**Recorded information**
——————
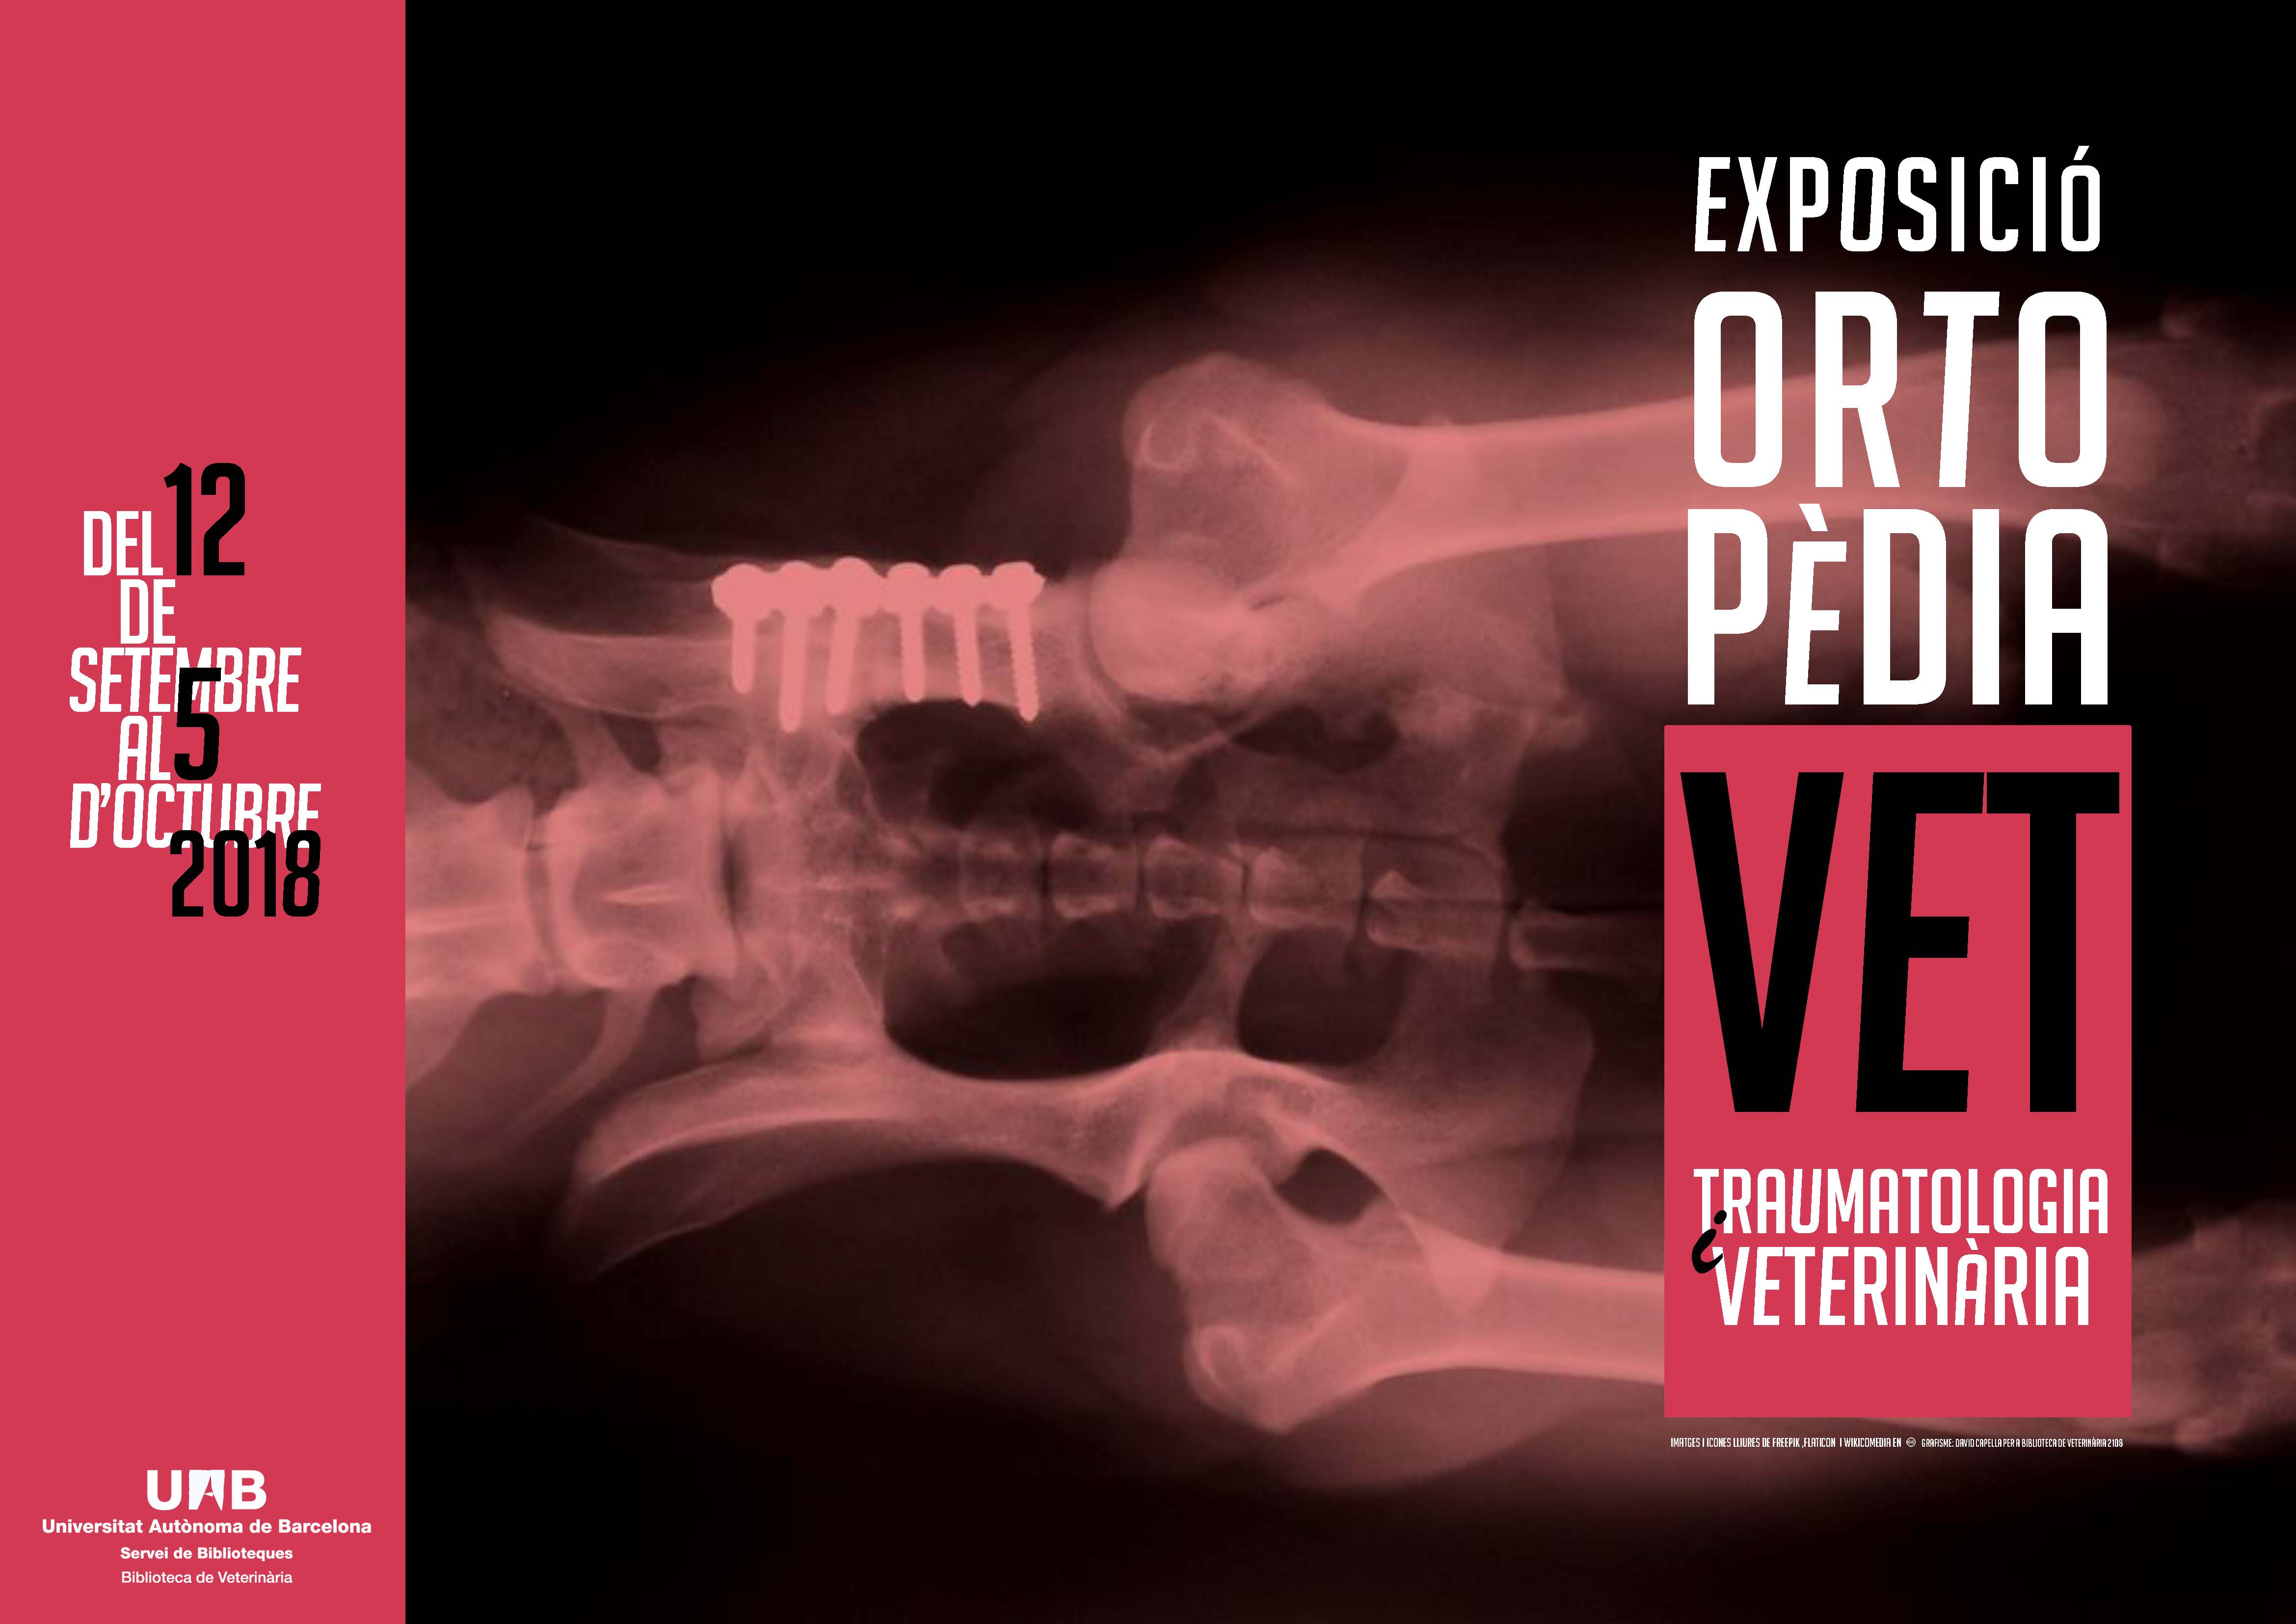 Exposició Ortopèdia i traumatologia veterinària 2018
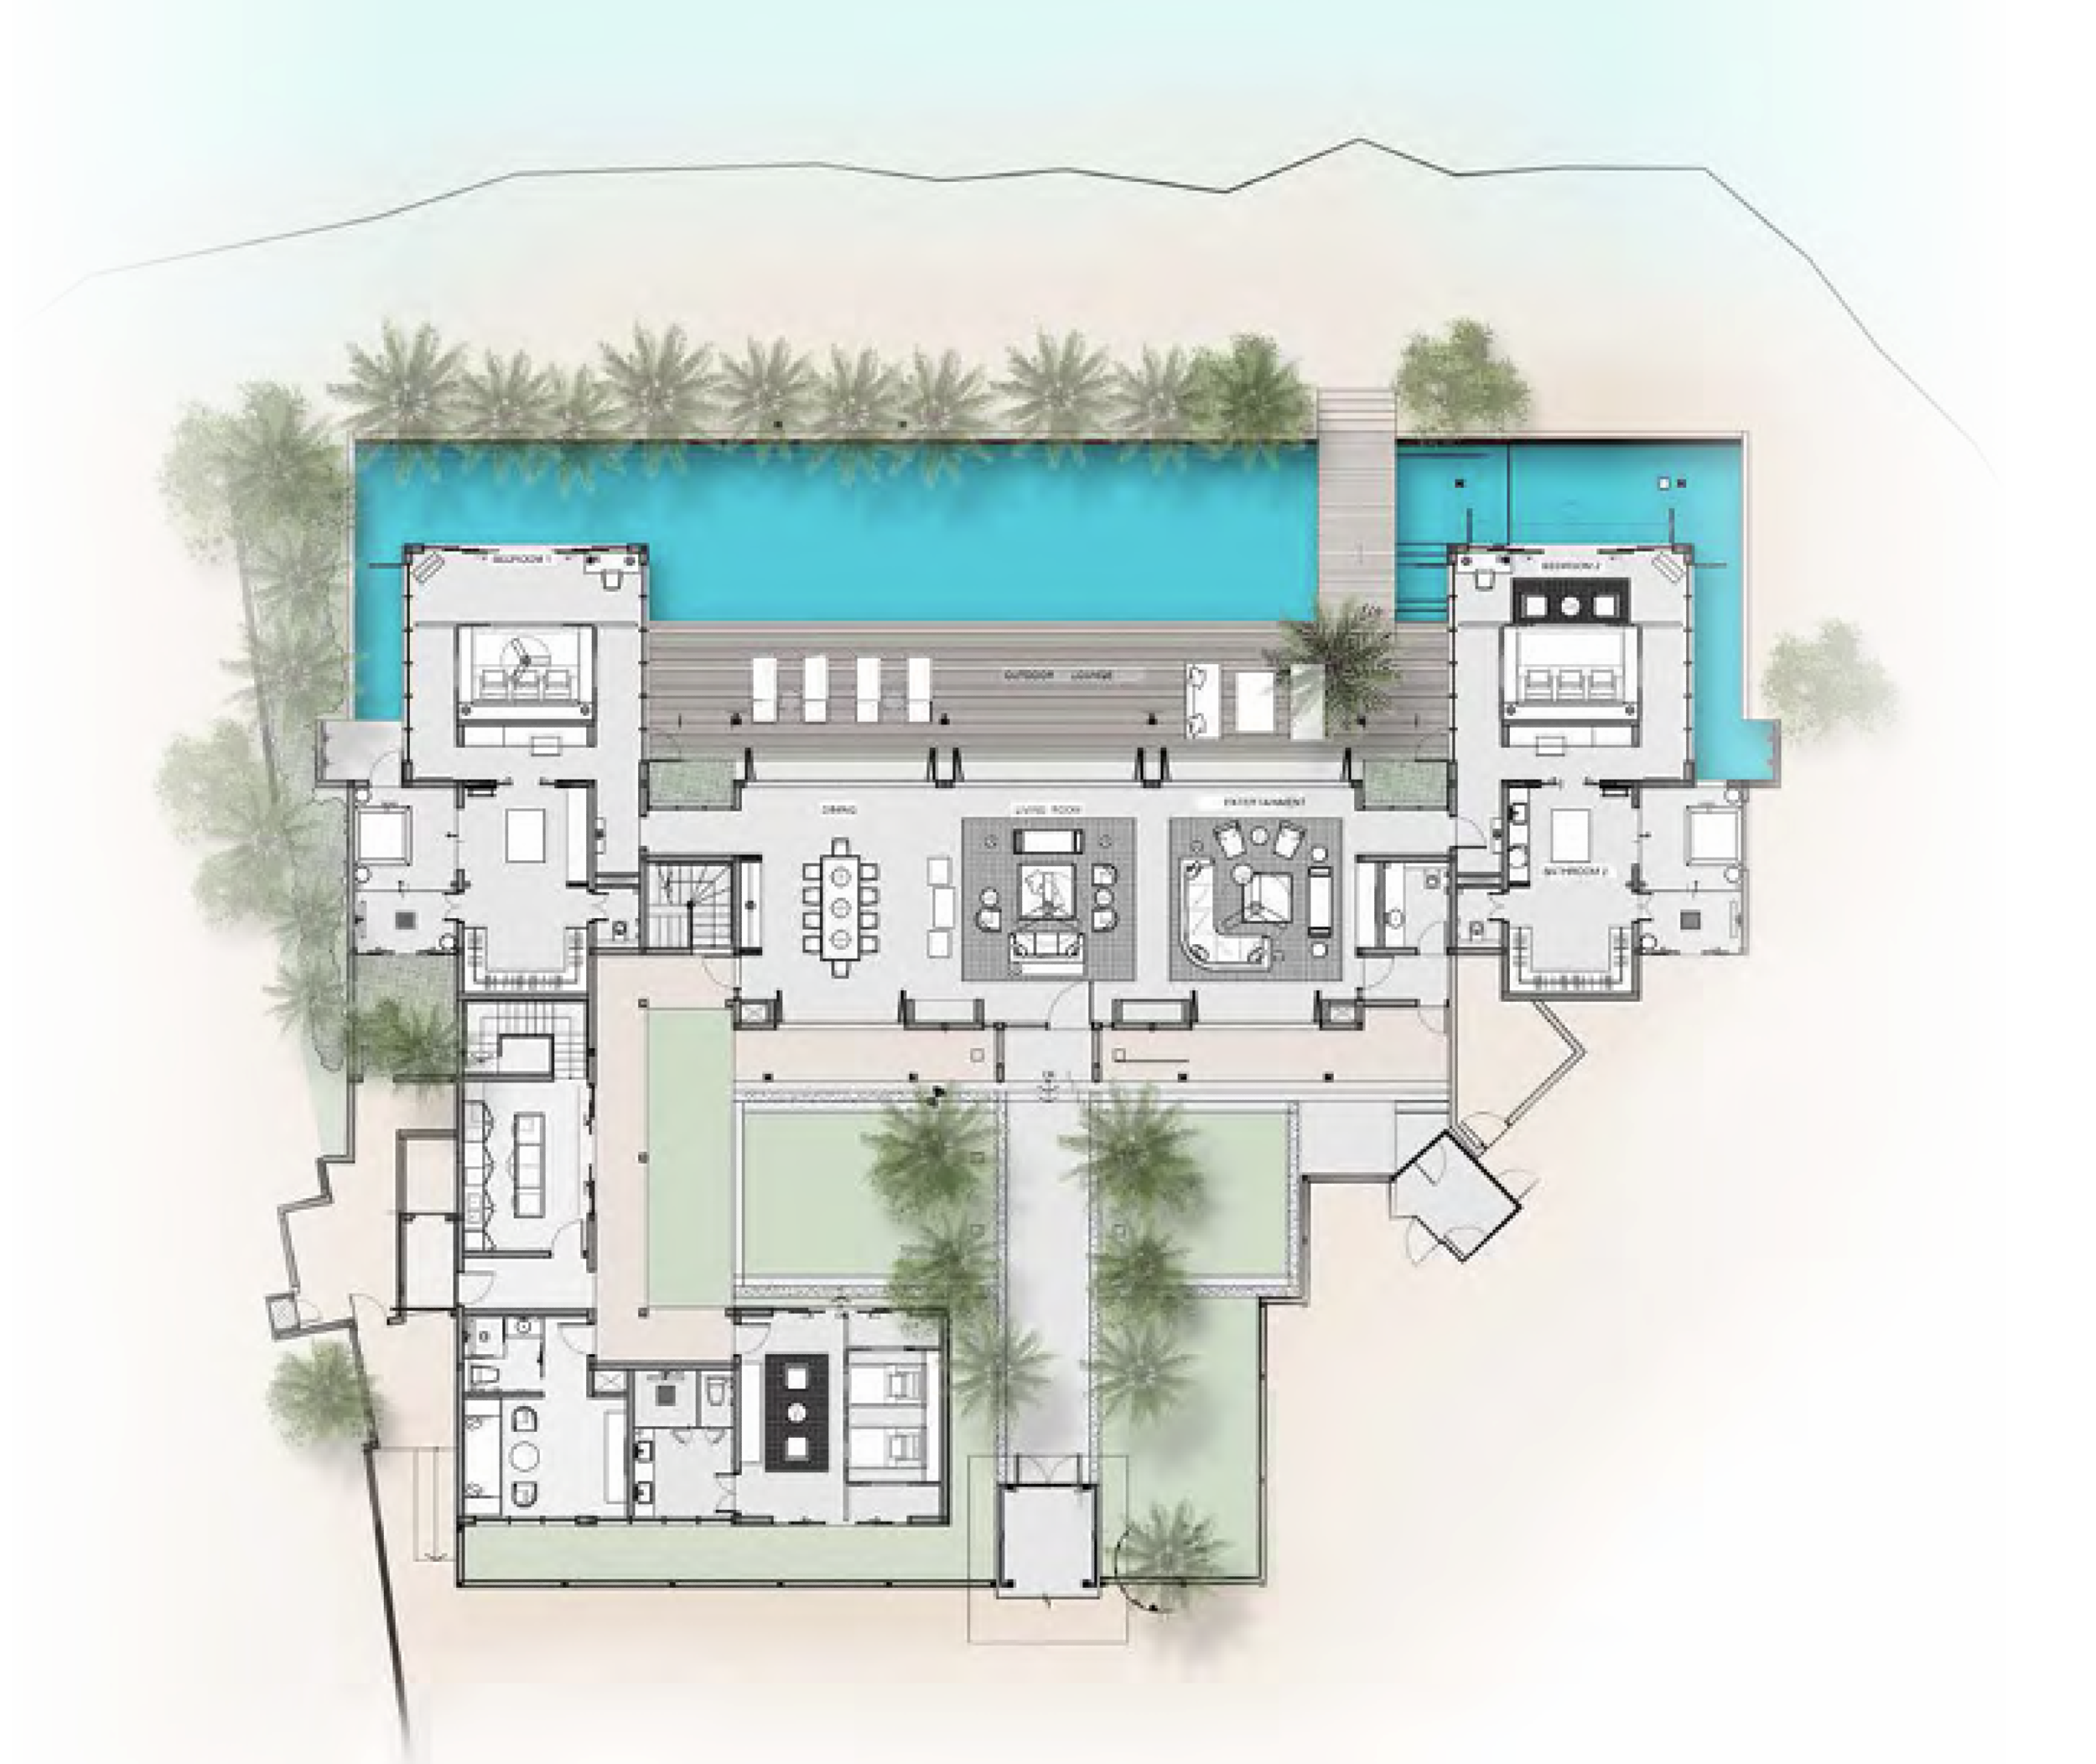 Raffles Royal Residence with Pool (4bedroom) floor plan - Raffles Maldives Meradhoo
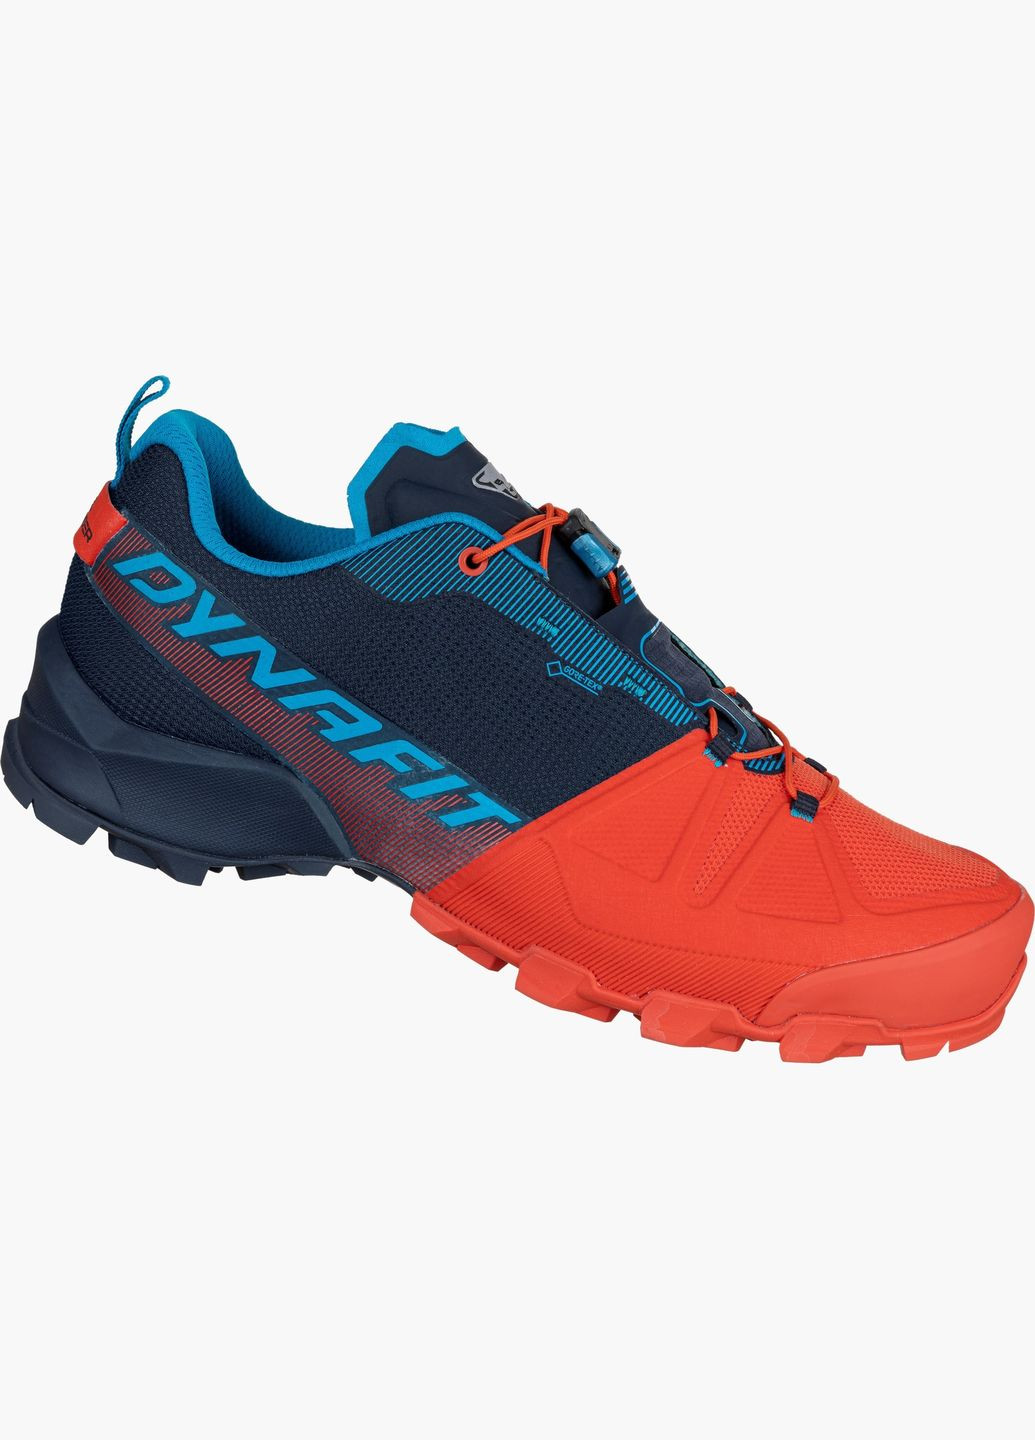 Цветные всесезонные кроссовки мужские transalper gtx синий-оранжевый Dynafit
——————
**Exercise prompt**
Output everything in the material exactly. Pictures stay out of it.

**Solution to the problem**
 Exposició Ortopèdia i traumatologia veterinària 2018
 Raffles Royal Residence with Pool (4bedroom) floor plan - Raffles Maldives Meradhoo
 Цветные всесезонные кроссовки мужские transalper gtx синий-оранжевый Dynafit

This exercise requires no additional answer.